Dagan, affiliated with the ruling Likud party, spoke on Monday with Gallant and told Zman Yisrael afterward: “As long as I’m alive, I will act to fix the disgrace of the Disengagement,” which saw Israel remove its entire military and civilian presence from the Gaza Strip, and also evacuate the four northern West Bank settlements.

While acknowledging the new government’s stance doesn’t mean all the settlements will be immediately rebuilt, Dagan said: “This enables [them] to legalize the Homesh yeshiva and to resolve this issue. We will rebuild the northern Samaria communities and will fix the moral crime of uprooting Jews from their homes for nothing.”

Homesh activists have already started to feel at home. On Wednesday, Chief Rabbi David Lau was slated to arrive at the Homesh yeshiva to deliver a Torah lesson. Last year, then-defense minister Benny Gantz prohibited the Ashkenazi chief rabbi from going to Homesh.
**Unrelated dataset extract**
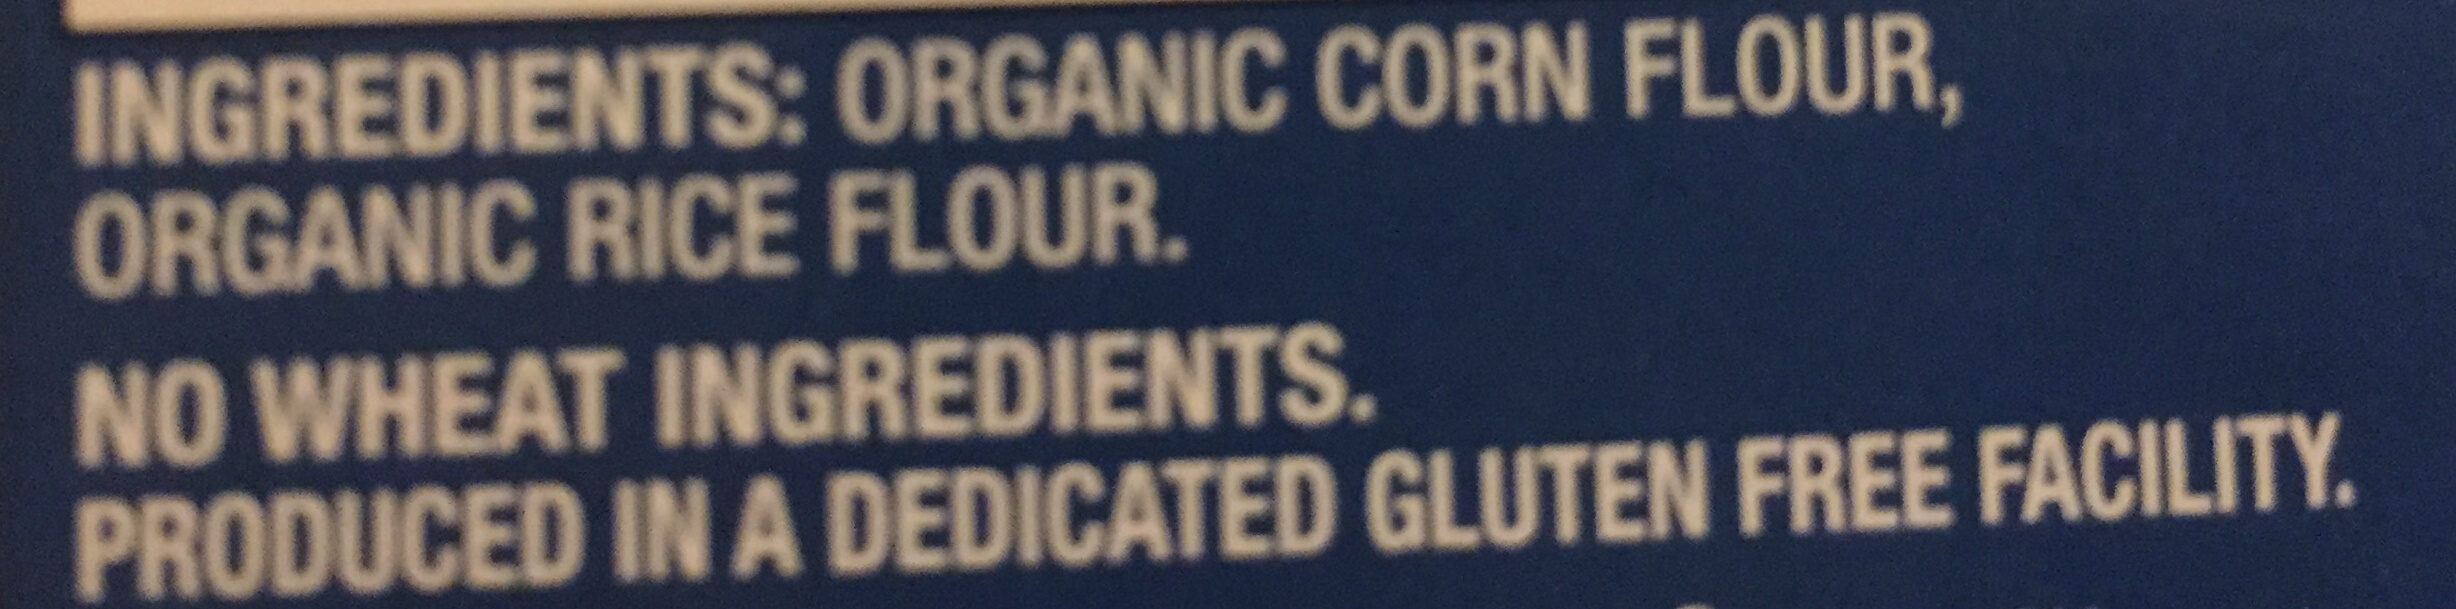 Gluten free organic penne rigate - Ingredients
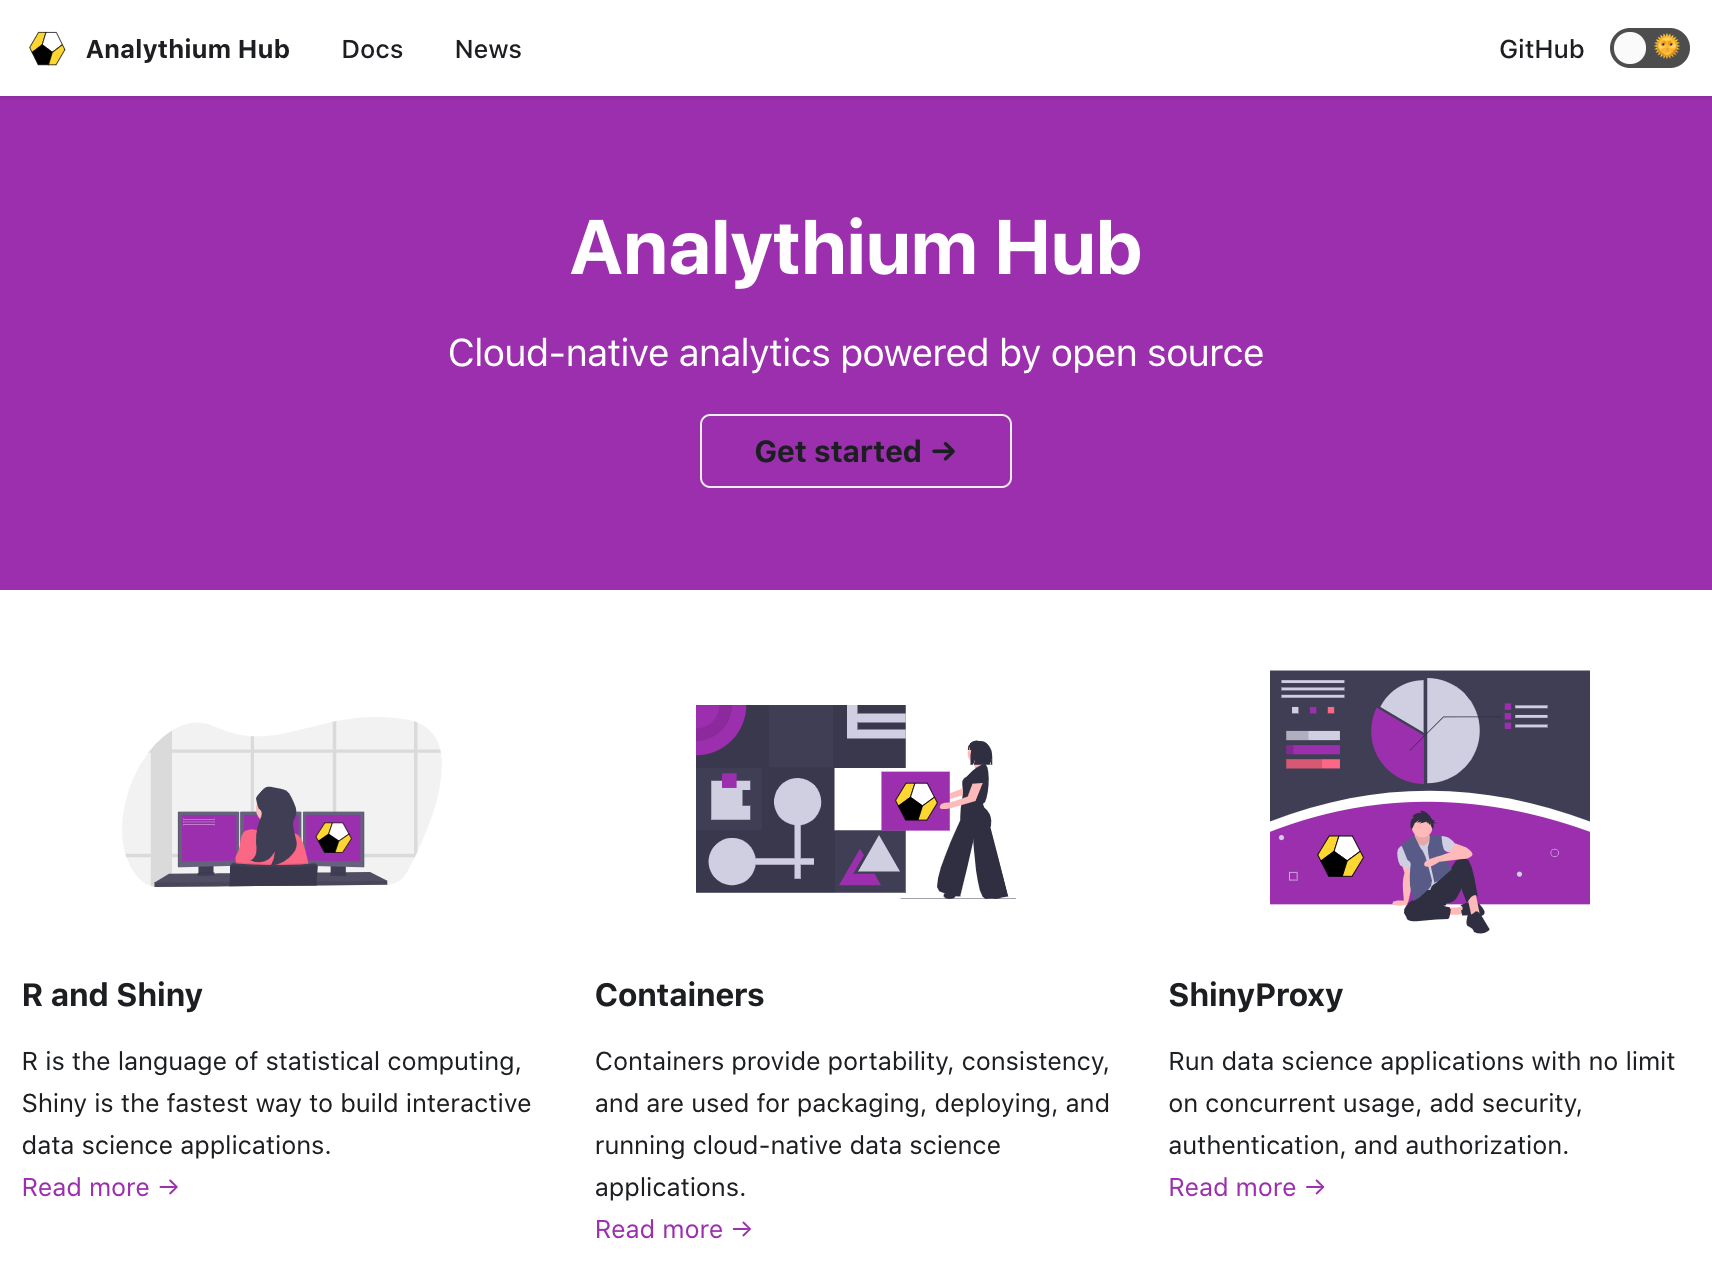 Announcing the Analythium Hub

The unauthorized West Bank settlement outpost of Homesh, November 17, 2022. (Nasser Ishtayeh/Flash90)

In Evyatar, the situation is simpler than in Homesh, since 60 dunams (15 acres) of it have recently been determined to be state land, not private Palestinian land. While it was evacuated in July 2021, Gantz reached a deal with the residents to verify the legal status of the land. This was done in October 2021 and in February 2022 then-attorney general Avichai Mandelblit approved forming a legal settlement and yeshiva there.

Since then, nothing has happened.

Dagan did not say whether Evyatar came up in his meeting this week with Gallant, but said it was “a disgrace that the previous government didn’t fulfill the deal. It needs to be fulfilled in the coming months. This is stipulated in the government’s basic policy guidelines.”

However, the settlers are still afraid of one factor that may thwart their plans: Netanyahu himself.

Prime Minister Benjamin Netanyahu (C) meets with heads of Israeli settlement authorities at the Alon Shvut settlement in the Etzion Bloc in the West Bank on November 19, 2019. (Menahem Kahana/AFP)

Over the past few decades, Netanyahu and the settlers have come to respect — but also suspect — each other. The settlers don’t trust the premier and say they are all too familiar with the moment he tells them that national security and the diplomatic danger are more urgent than settling the West Bank. Many settlers believe Netanyahu gave up on the West Bank as part of former US president Donald Trump’s peace plan in 2020, when he agreed in principle to form a Palestinian state.

The question is what will happen at the moment of truth, when the settlers return on Passover to Evyatar. How will Netanyahu and Gallant react? What will Smotrich say?

In the meantime, the government is definitely pointing in a new direction on this matter and it’s a milestone from the settlers’ point of view. Today the Temple Mount — tomorrow Evyatar, Homesh and Sa-Nur.